In 1998, the Company started a natural gas marketing group to provide more
services to natural gas producers in its core areas and to assist with its
business development efforts.

COMPETITION

The Company faces intense competition in obtaining natural gas supplies for its
gathering and processing operations, in obtaining unprocessed NGLs for
fractionation, and in marketing its products and services. The Company's
principal competitors include major integrated oil and gas companies, major
interstate pipeline companies, national and local gas gatherers, NGL processing
companies, brokers, marketers and distributors of varying sizes, financial
resources and experience. Many of the Company's competitors, such as major oil
and gas and pipeline companies, have capital resources and control supplies of
natural gas substantially greater than those of the Company. Smaller local
distributors may enjoy a marketing advantage in their immediate service areas.

The Company competes against other companies in its gas processing business for
supplies of natural gas, for provision of fractionation services, and for
customers to which it sells its products. Competition for natural gas supplies
is based primarily on location of gas gathering facilities and gas processing
plants, operating efficiency and reliability, and ability to obtain a
satisfactory price for products recovered. Competitive factors affecting the
Company's fractionation services include availability of capacity, proximity to
supply and to industry marketing centers, and cost efficiency and reliability of
service. Competition for customers is based primarily on price, delivery
capabilities, flexibility, and maintenance of quality customer relationships.

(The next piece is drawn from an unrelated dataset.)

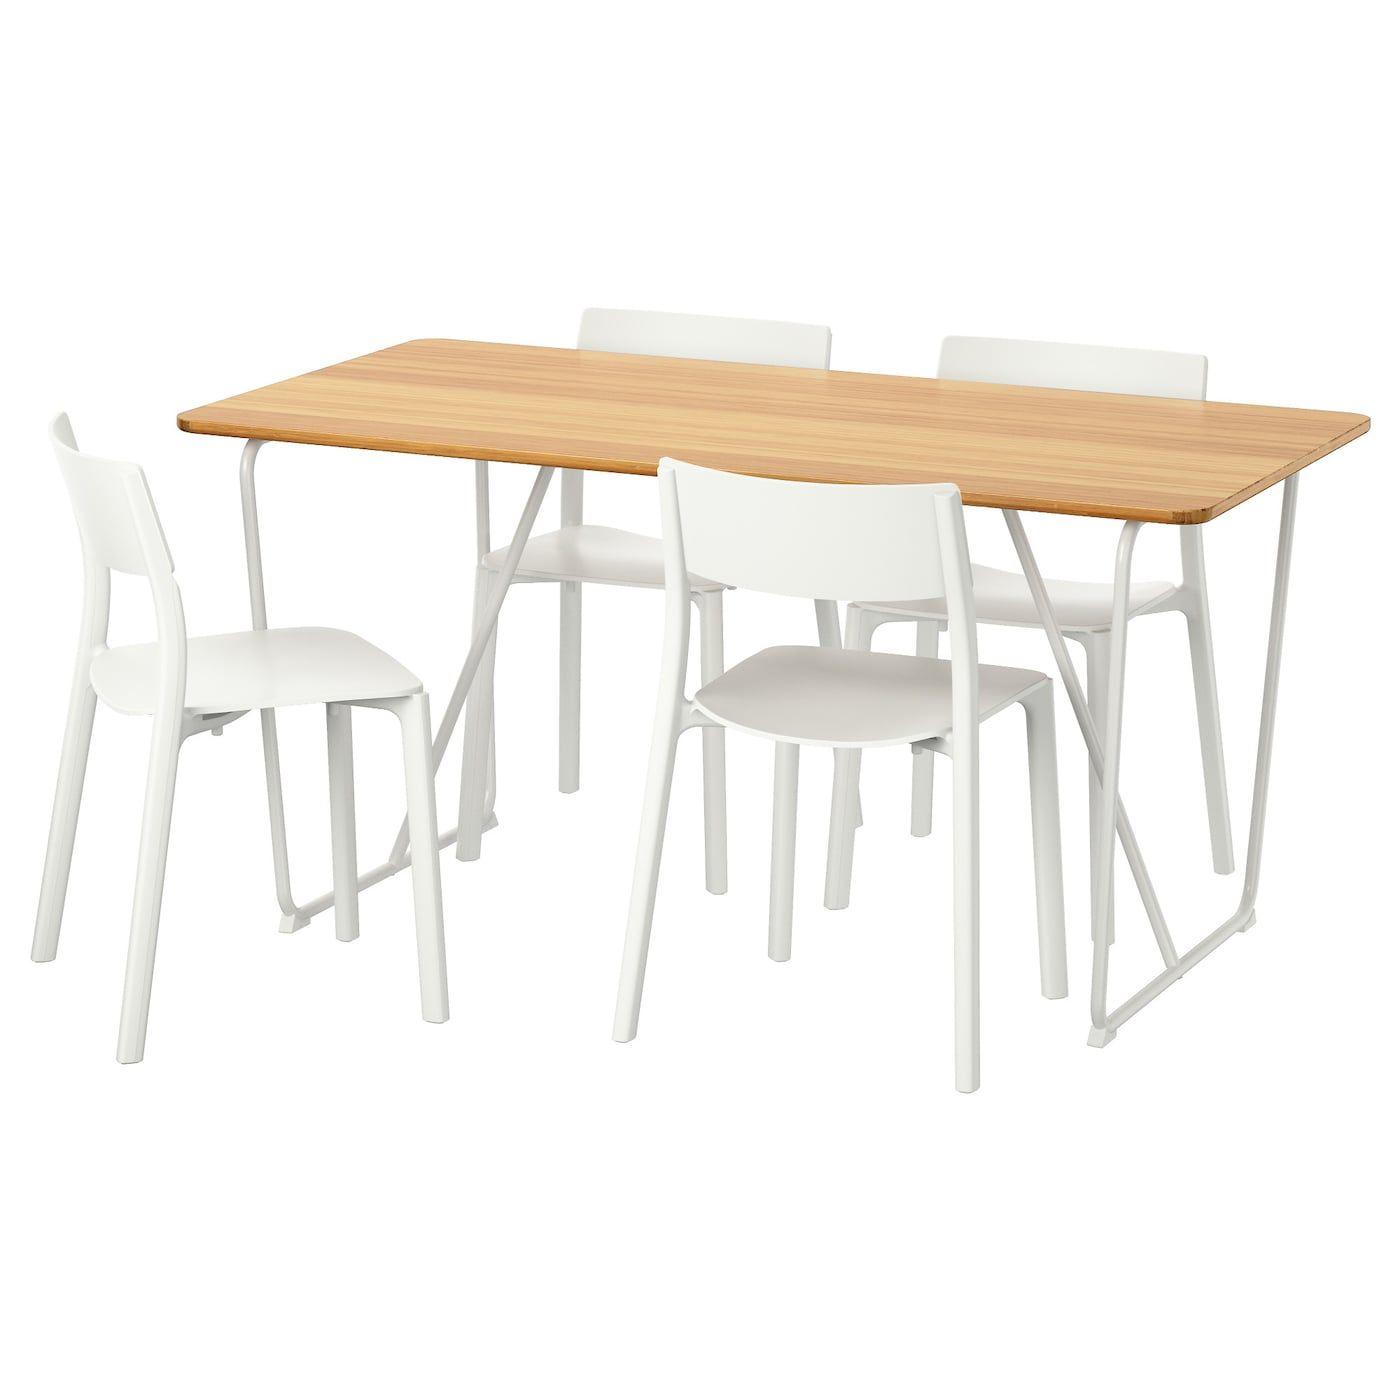 Ovraryd Janinge Mesa Con 4 Sillas Blanco Bambu Blanco Ikea Ikea Dining Ikea Dining Sets Ikea [ 1400 x 1400 Pixel ]

OPERATIONAL RISKS AND INSURANCE

The Company's operations are subject to the usual hazards incident to the
exploration for and production, gathering, transmission, processing and storage
of natural gas and NGLs, such as explosions, product spills, leaks, emissions
and fires. These hazards can cause personal injury and loss of life, severe
damage to and destruction of property and equipment, and pollution or other
environmental damage, and may result in curtailment or suspension of operations
at the affected facility.

The Company maintains general public liability, property and business
interruption insurance in amounts that it considers to be adequate for such
risks. Such insurance is subject to deductibles that the Company considers
reasonable and not excessive. Consistent with insurance coverage generally
available to the NGL industry, the Company's insurance policies provide coverage
for losses or liabilities related to sudden occurrences of pollution or other
environmental damage.

The occurrence of a significant event not fully insured or indemnified against,
and/or the failure of a party to meet its indemnification obligations, could
materially and adversely affect the Company's operations and financial
condition. Moreover, no assurance can be given that the Company will be able to
maintain adequate insurance in the future at rates it considers reasonable. To
date, however, the Company has experienced no material uninsured losses or any
difficulty in acquiring insurance coverage in amounts it believes are adequate.

GOVERNMENT REGULATION

Certain of the Company's pipeline activities and facilities are involved in the
intrastate or interstate transportation of natural gas and NGLs and are subject
to state and/or federal regulation. Historically, the transportation and sale
for resale of natural gas in interstate commerce have been regulated pursuant to
the Natural Gas Act of 1938 ("NGA"), the Natural Gas Policy Act of 1978
("NGPA"), and the regulations promulgated thereunder by the Federal Energy
Regulatory Commission ("FERC"). In the past, the federal government regulated
the prices at which natural gas could be sold, as well as certain terms of
service. However, the deregulation of natural gas sales pricing began under
terms of the NGPA and was completed in January 1993 pursuant to the Natural Gas
Wellhead Decontrol Act of 1989. Thus, all sales of natural gas by the Company
currently can be made at unregulated market prices. There can be no assurance,
however, that Congress will not reenact price controls in the future which could
apply to, or substantially affect, these sales activities.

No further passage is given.